Only about 20 percent of Seely's clientele are self-referrals. Most are court-ordered, but Seely's job is to get her clients to understand what sobriety is and develop coping strategies other than substances.
"About 70 percent of my clients are able to look at what's going wrong and try and fix it," Seely said.
She said the greatest compliment is when a client voluntarily continues to visit her past their court order.
Heather Helman, Substance Abuse Prevention Coordinator for the Hillsdale County Substance Abuse Prevention Coalition said her organization attempts to prevent children, like 13-year-old Kyle Cole, from getting started with substances in the first place.
"We try and make sure all the needed players are contributing to make an effective program," Helman said. "And we also make sure there are measurable outcomes to the programs and that the community will be able to sustain them, even if we were to leave."
Capt.
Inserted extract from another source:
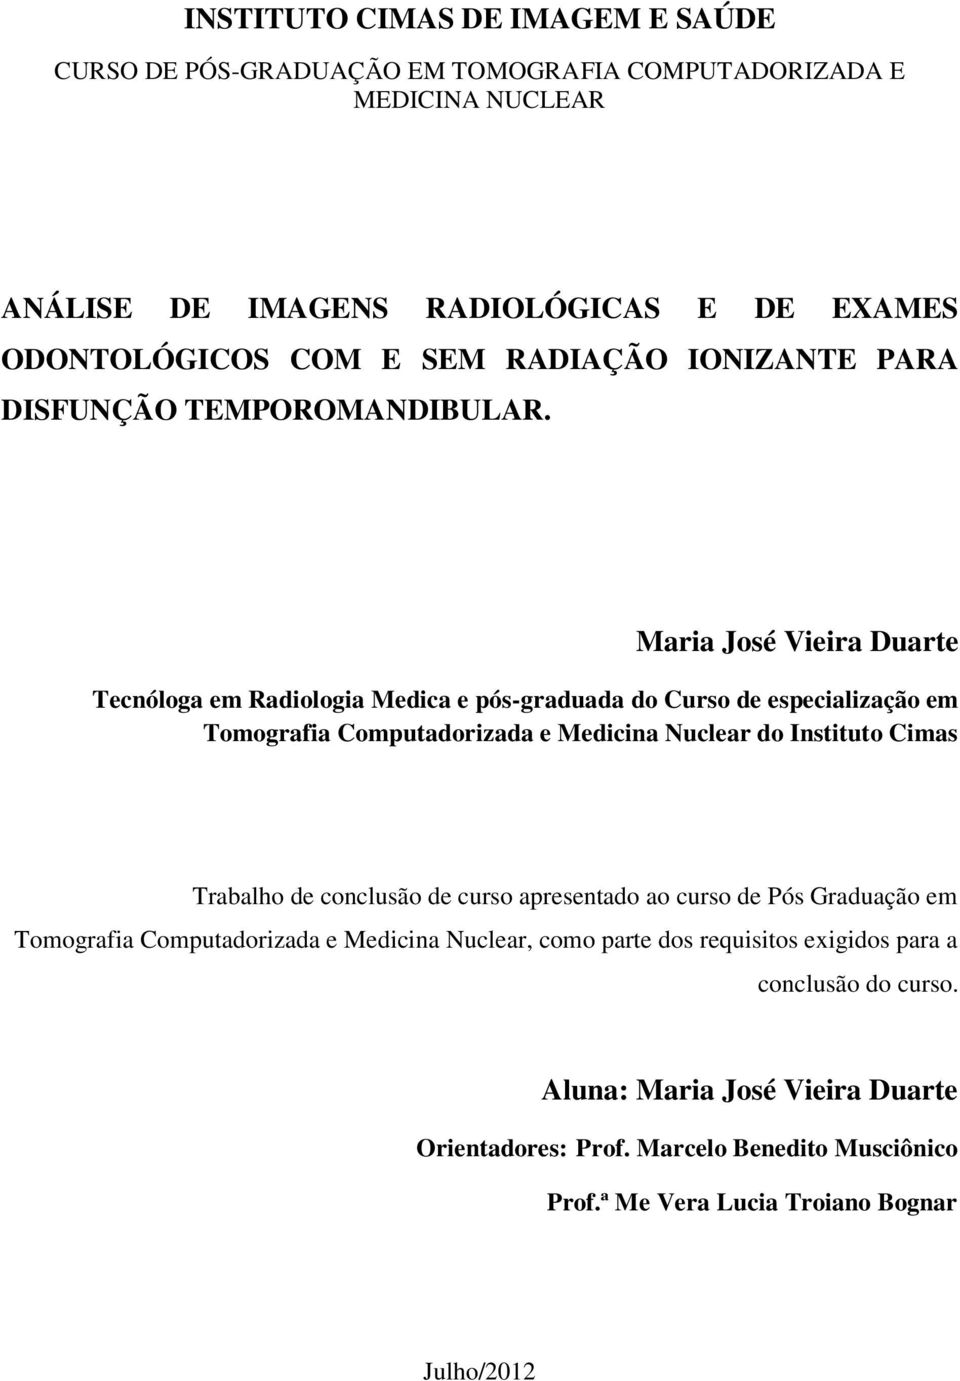 Maria José Vieira Duarte Tecnóloga em Radiologia Medica e pós-graduada do Curso de especialização em Tomografia Computadorizada e Medicina Nuclear do Instituto Cimas Trabalho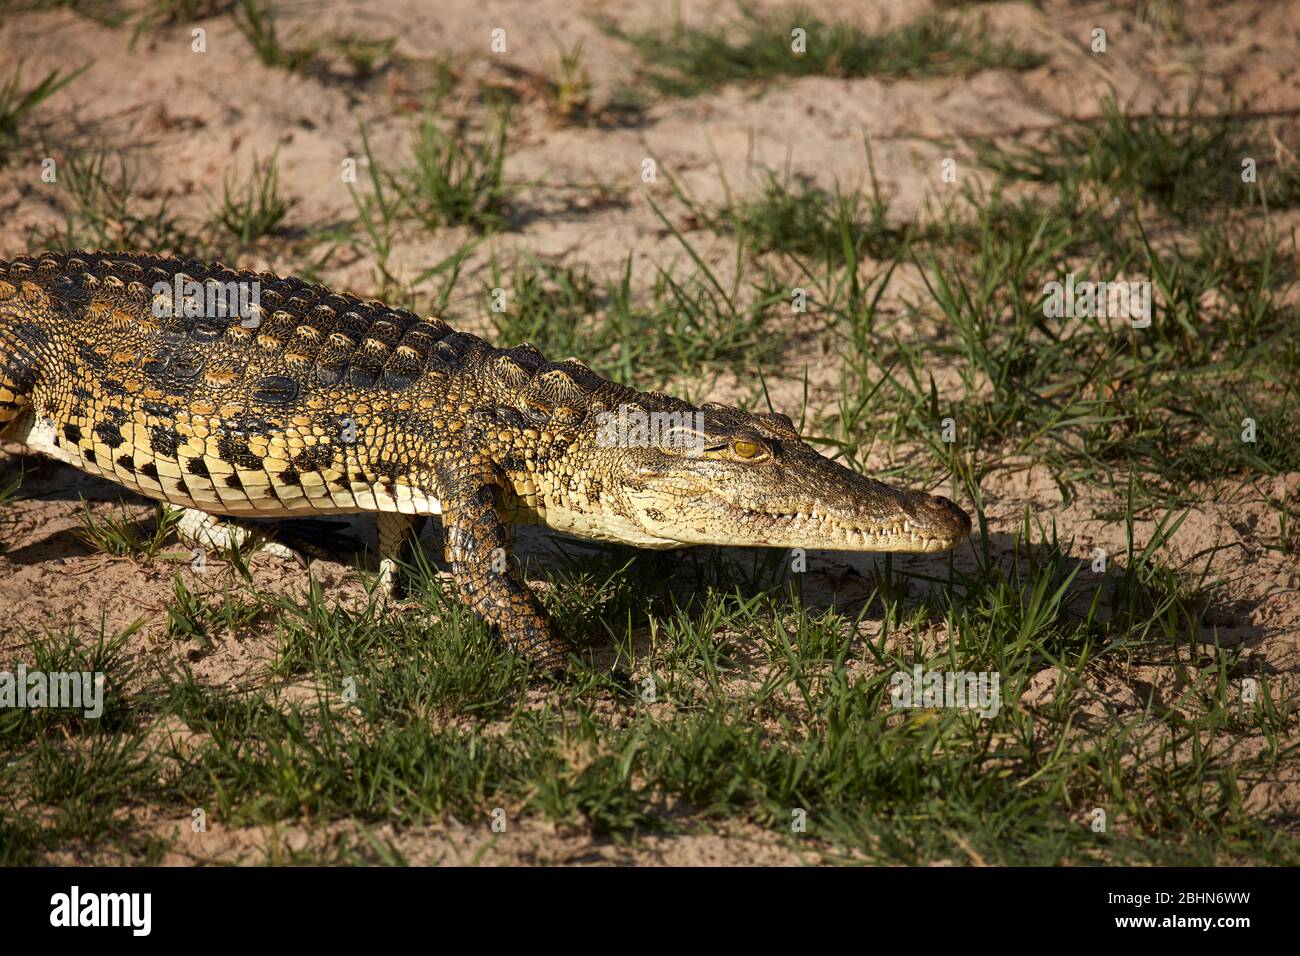 Crocodile by Zambezi River, near Victoria Falls, Zimbabwe, Africa Stock Photo

Braxmaier said he understands the challenge facing prevention, law enforcement and counseling agencies is never-ending, but his men are becoming better equipped and more informed on how to combat drug issues with each year.
"We're doing what we can to curb the drug problem in our community," Braxmaier said. "These problems upset us and we feel it's our responsibility to protect this city."